Why do scientists like Dr. Vedral pursue the truth of black holes, the boundaries of which do not permit the passage of light and are therefore impenetrable to observational technology?  How will the scientific method be applied to something that is not subject to empirical proof, when it seems we are limited to observing only its effects on the surrounding environment and not the black hole itself?

Scientists have reason to doubt that tiniest-scale quantum reality can even be revealed by studying an object at the largest scale, like a black hole.  When the first image of the black hole at the centre of the distant M87 galaxy was presented in 2019, physicist and cosmologist Janna Levin said, “Can we really understand the hard stuff, like what’s going on at the quantum level at the event horizon? That’s not likely with this data.
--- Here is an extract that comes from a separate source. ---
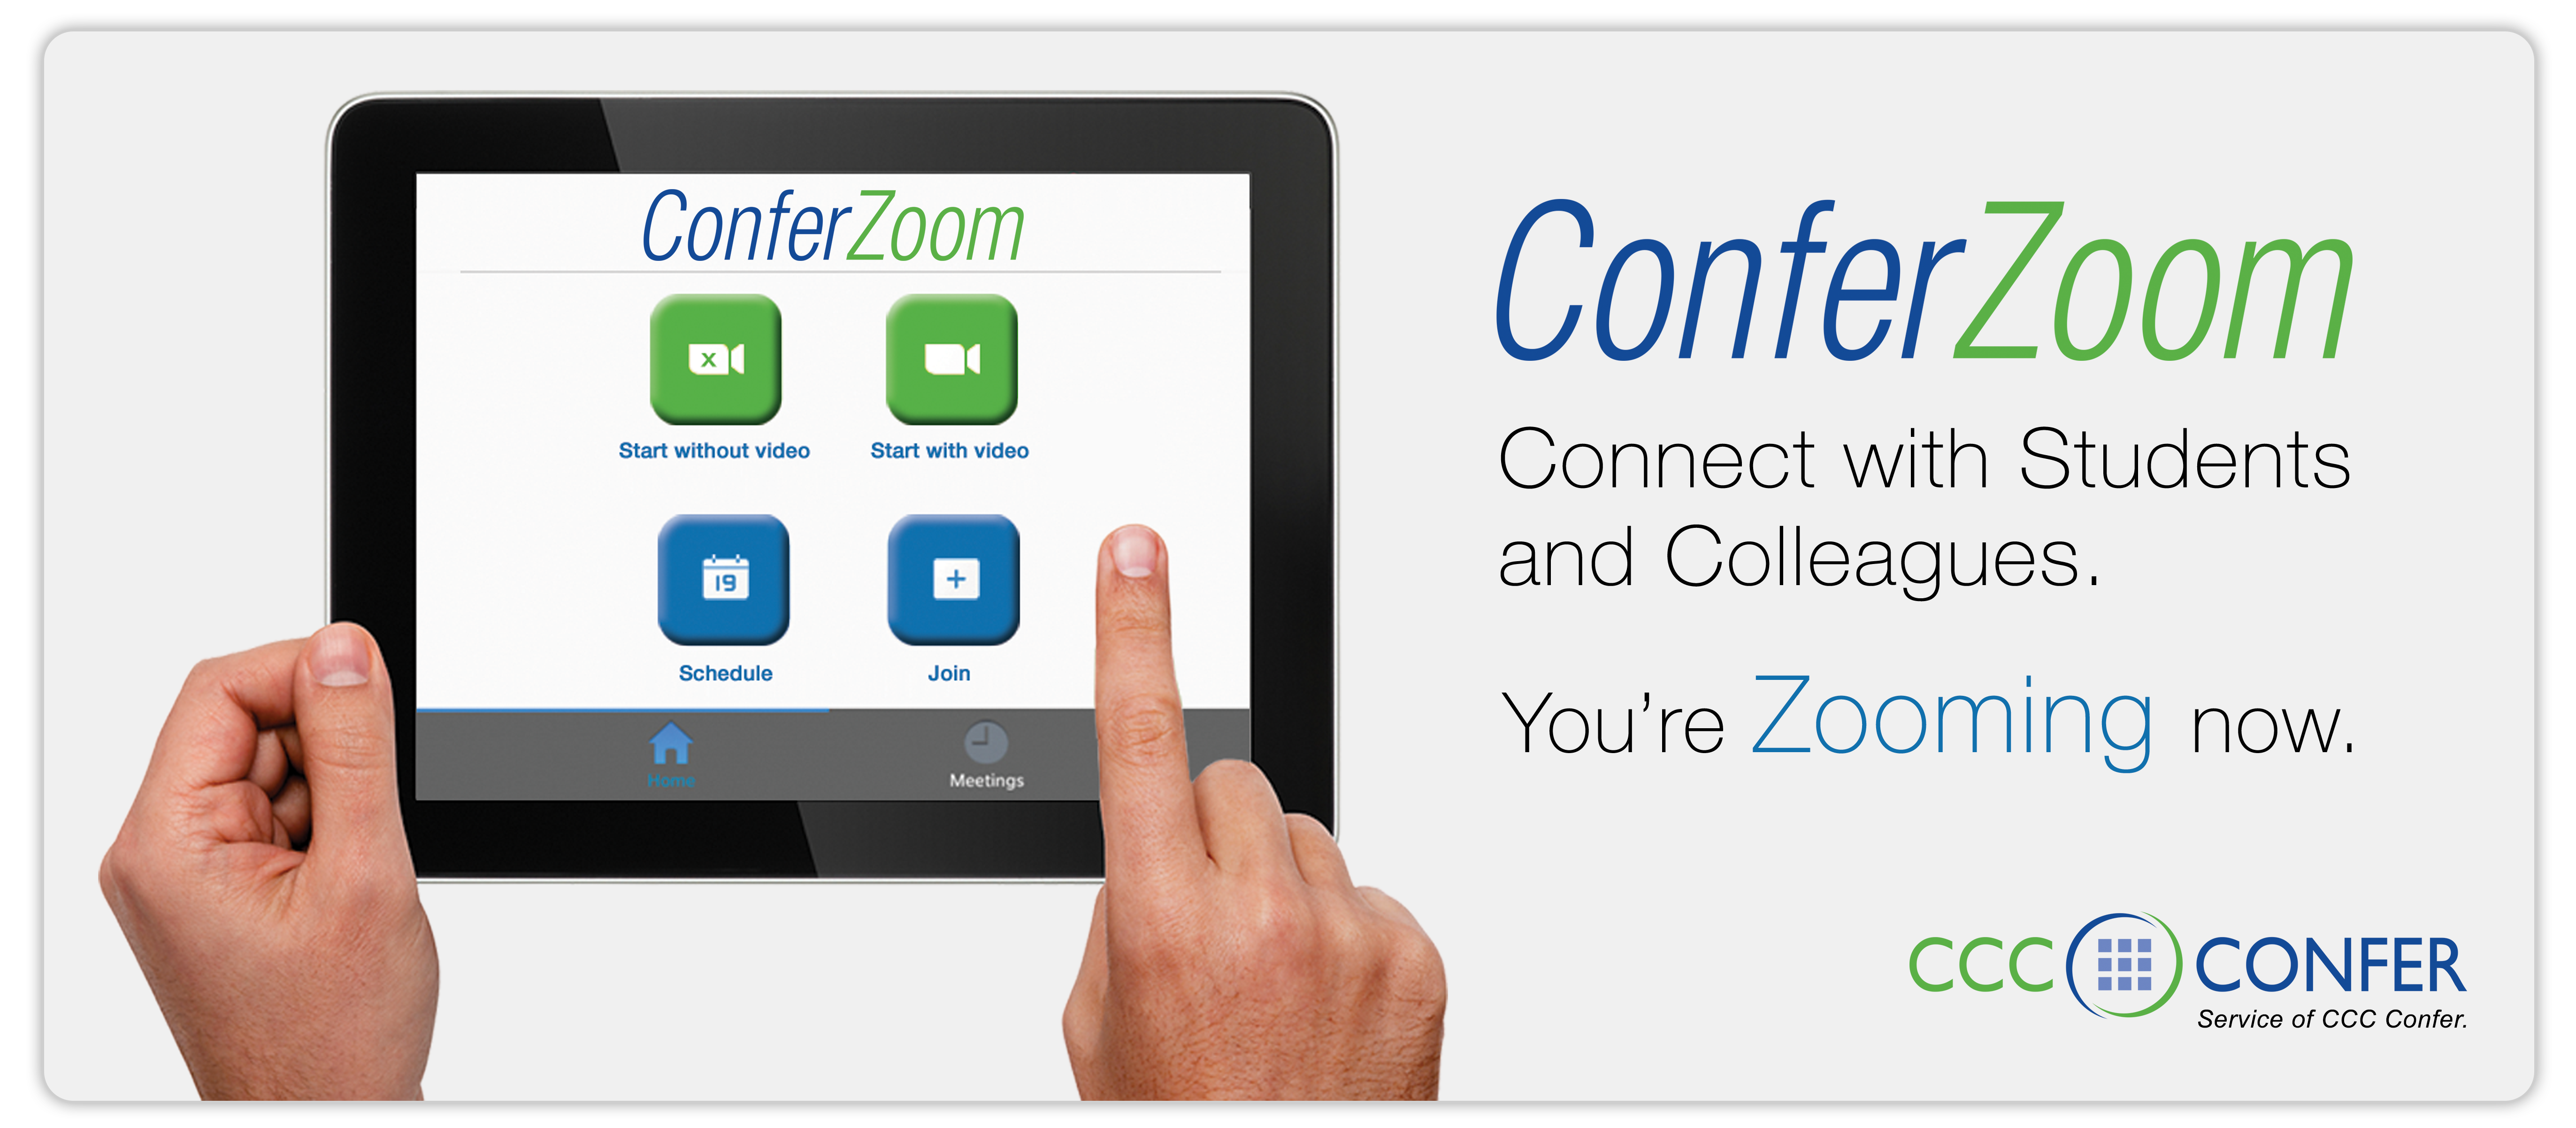 CCC ConferZoom is used by many at the Peralta Colleges

Most astrophysical black holes are too big to really be exploring their quantum side.”

The full range of universal complexities, from the tiny quantum to the most massive black holes, has so far defied our most advanced technology.  But will time soon take a new path, as technology continues to improve our ability to measure cause and effect in the cosmos?

Measuring Cause and Effect

Maybe the secret of the quantum is fundamentally the connection of cause and effect, which Einstein’s inner voice told him could not be random.  As Jim Baggott wrote in an Aeon Magazine feature,“Einstein could not accept an interpretation in which the principal object of the representation – the wave function – is not ‘real’. He could not accept that his God would allow the ‘lawful harmony’ to unravel so completely at the atomic scale, bringing lawless indeterminism and uncertainty, with effects that can’t be entirely and unambiguously predicted from their causes.”

 

Einstein’s reference to rolling of dice described random, unpredictable results. 

Empirical evidence continues to deliver no proof of randomness in the universe.  Isaac Newton’s second law of motion, that for every physical action there is an equal and opposite reaction, seals the connection of cause and effect in the fabric of spacetime.

Where cause and effect may or may not exist, however, is in the middle of a black hole.  We have now seen to the boundary of the black hole, and how soon – if ever – will our technology be able to measure what’s inside it?

If we find a means to measure what lies beyond spacetime, in the black hole, what will the measurements tell us about the cause and effect of quanta in spacetime?  Will they bear out Einstein’s inner voice and prove his conviction that the Old does not roll the dice, or will they show that what appear to be consequences of our actions are only illusions in a universe that is ultimately random and without order?

One consequence, should we succeed in piercing the veil of the black hole to gauge what’s inside, may well be a revision to our methods of measurement.  Any measurement we now make assumes that space and time are all that exists to measure, but what will change if we discover that measurement extends beyond space and time and into the black hole?  Technology may soon bring the question of measurement to the forefront, and with it a host of new questions and knowledge of cause and effect in time.